When fileBites is, say, a .txt file - the download is triggered and the file is read perfectly.

I discovered, however, that .pdf and .docx files were being corrupted - In the case of .docx, Word was saying that the file needed to be recovered and asked me for permission to do so. When I granted this permission it fixed it immediately and displayed perfectly.

Obviously I didn't want users to see this corruption dialogue and after researching for a while I discovered this: http://forums.asp.net/t/1301978.aspx/1/10 - which suggested that the reason for the corruption was one extra empty bit was being written at the end of the byte array: I checked by dropping the length by one bit:

response.OutputStream.Write(fileBytes, 0, fileBytes.Length - 1)

and like magic, .docx downloads now work! (This is not my current problem, I include it for context and in case anybody else has the same issue)
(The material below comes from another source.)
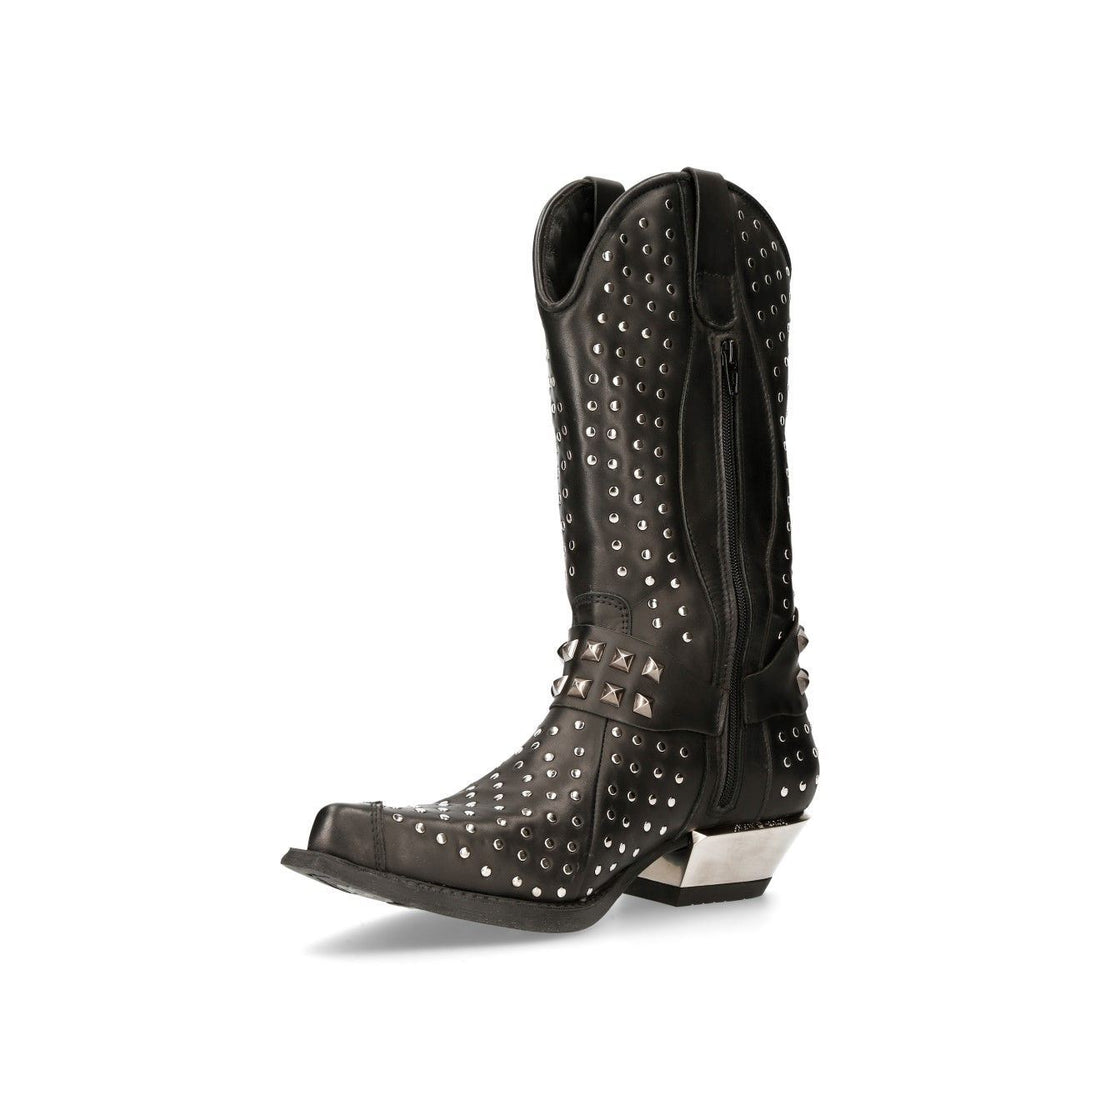 New Rock Black Leather Studded Cowboy Boots- M-7928-S1 - Upperclass Fashions

My current problem is that although .docx files are now streaming correctly, .pdf files are not. They seem to transfer in one piece (at the correct KB size) but when I try and open the downloaded file Adobe Reader X tells me:

Adobe Reader could not open xxxx because it is either not a supported file type 
or because the file has been damaged (for example, it was sent as an email 
attachment and wasn't correctly decoded).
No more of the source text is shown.